To use the haplotypes simulated by msms with SimulaTE we need to translate the haplotypes into a gdf file. Furthermore we may introduce a variable number of fixed insertions. Note that this appraoch retains the haplotype information (and not just the allele frequency).
The pgd-template can be found here https://sourceforge.net/projects/manna/files/validation/template.pgd
The other files are availbe in the folder https://sourceforge.net/projects/manna/files/validation/val3-msms/
python pgdg-msms.py --msms states.txt --fixed 100 --template template.pgd > coal.pgd
We have 100 fixed TE insertions.
The coal.pgd may now for example look like
.... 424002 * * 57 * * 424321 73 73 73 73 73 428975 24 * * 24 24 430151 * * 2 * * 432074 * * 40 * * 434002 99 99 99 99 99 438997 21 21 21 21 21 443945 12 * * 12 12 444237 * 48 * * * 450511 25 25 25 25 25 451394 101 101 101 101 101 452356 120 120 120 120 120 455739 11 11 * 11 11 456264 * * 101 * * 462011 79 79 79 79 79 464137 * * 35 * * 468605 78 78 * 78 78 477569 * * * 98 * ...

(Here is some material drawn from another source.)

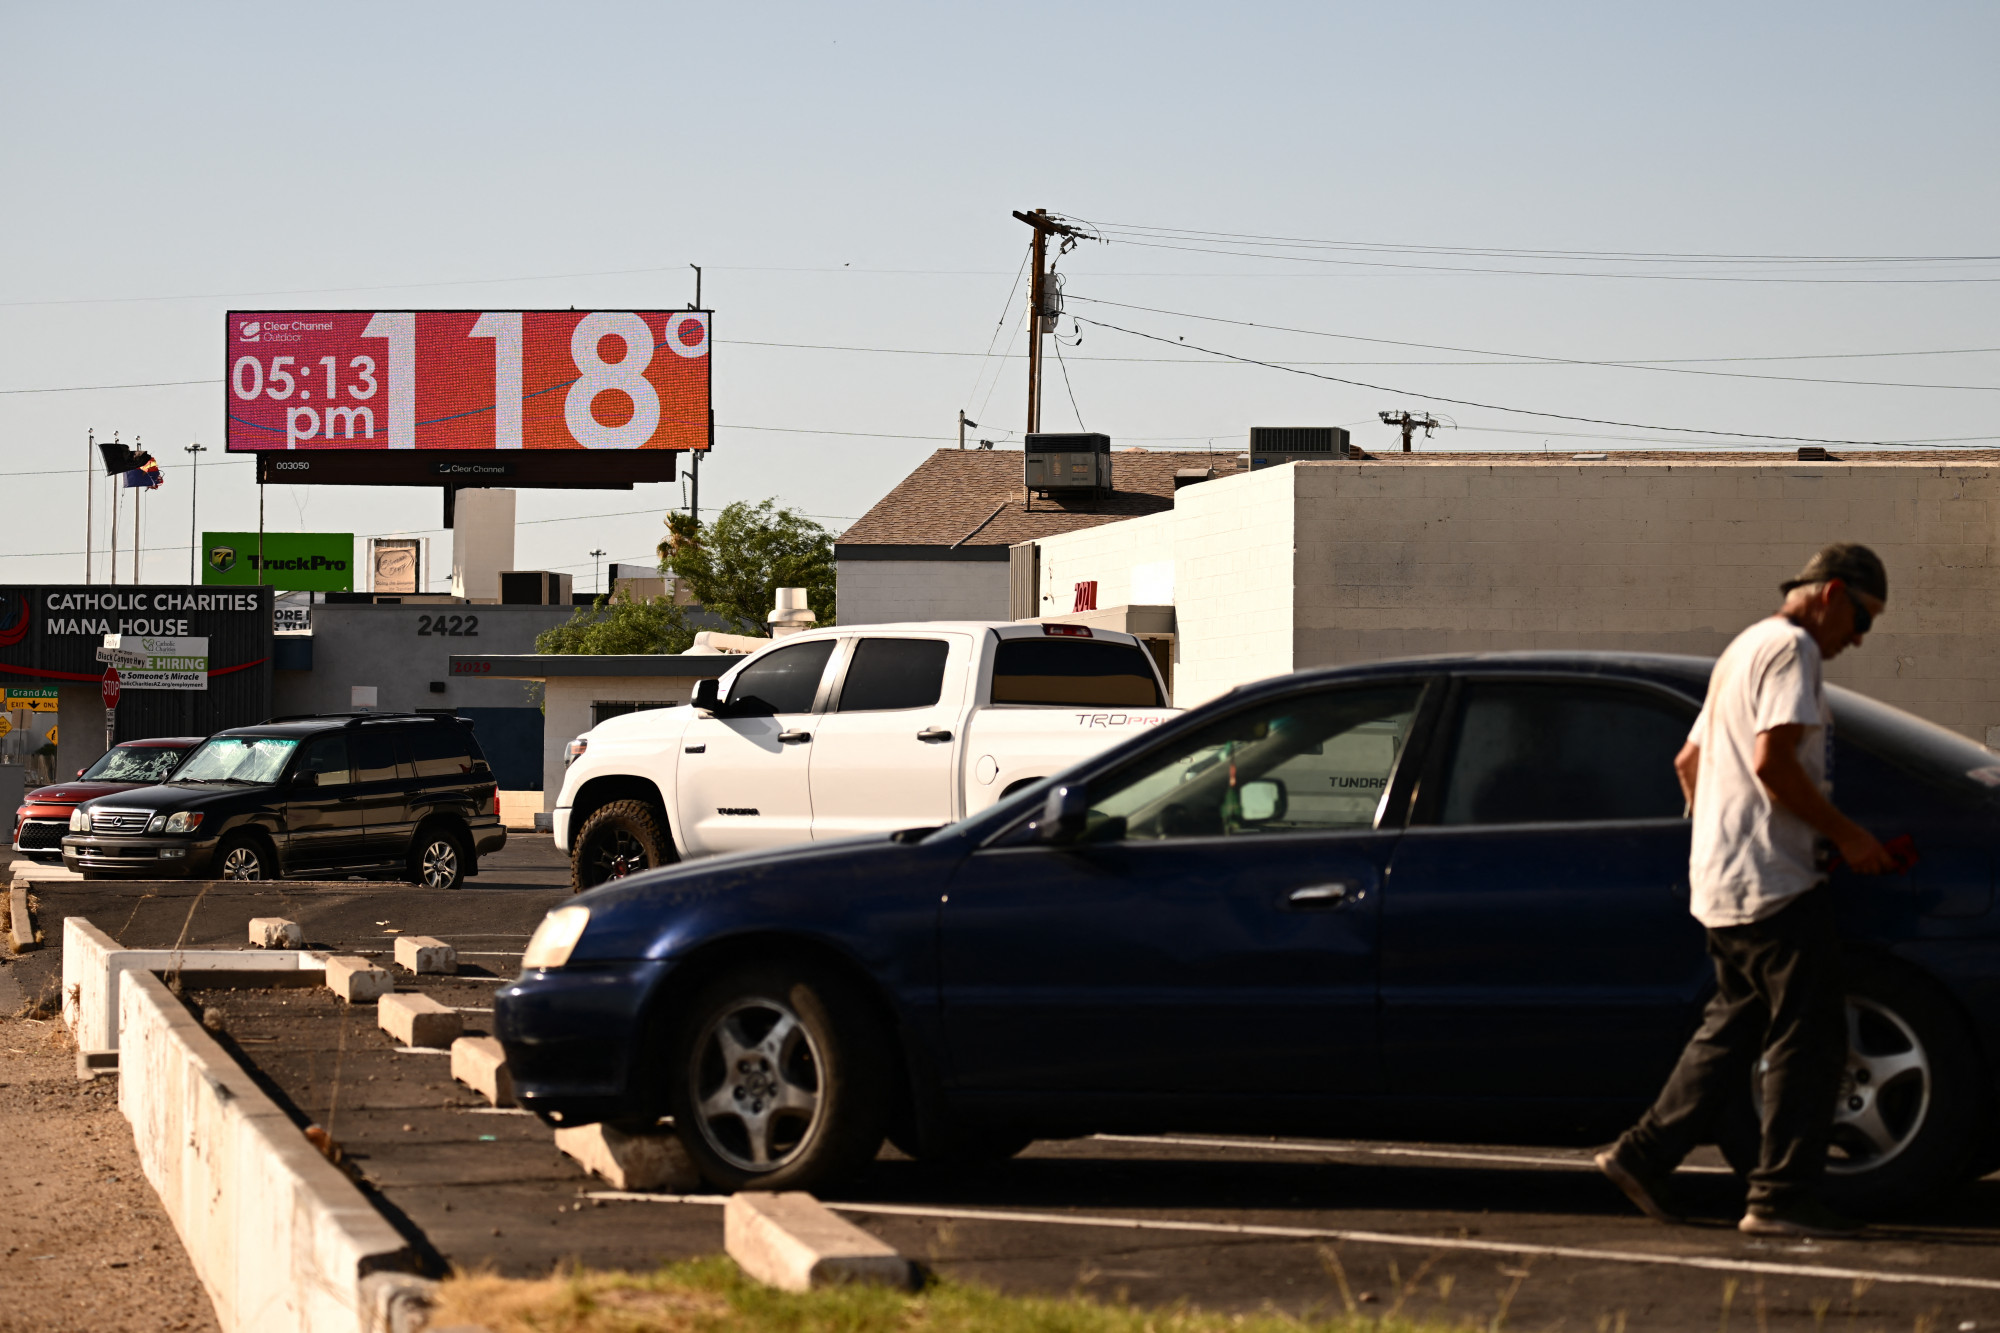 Az arizonai Phoenixben július 18-án 48 Celsius-fokot mértek.

Note the presence of both, fixed and segregating insertions. The segregating insertions follow the haplotypes simulated with msms.
Next we generate the fasta sequences for the 5 haplotpyes from the pgd file
python ~/dev/simulates/build-population-genome.py --chassis ../chasis.txt --te-seqs ../teseq.fasta --pgd coal.pgd --output coal.fasta
We run RepeatMasker
RepeatMasker --frag 2000000 -pa 5 -no_is -s -nolow -dir . -lib ../teseq-clean-ml100noS4.fasta coal.fasta &
and perform a multiple alignment with Manna
python ~/dev/manna/cluster-msa.py --clusters "" --sample-IDs "" --quick-rm coal.fasta.out > coal.manna
In this complex scenario it is difficult to analyse the output automatically, e.g. with a script. In fact we would propably need an alignemt algorithm for comparing the observed and the expected output. Therefore we opted to show both alignment next to each other, which allows to intuitively compare the expected and the observed alignment.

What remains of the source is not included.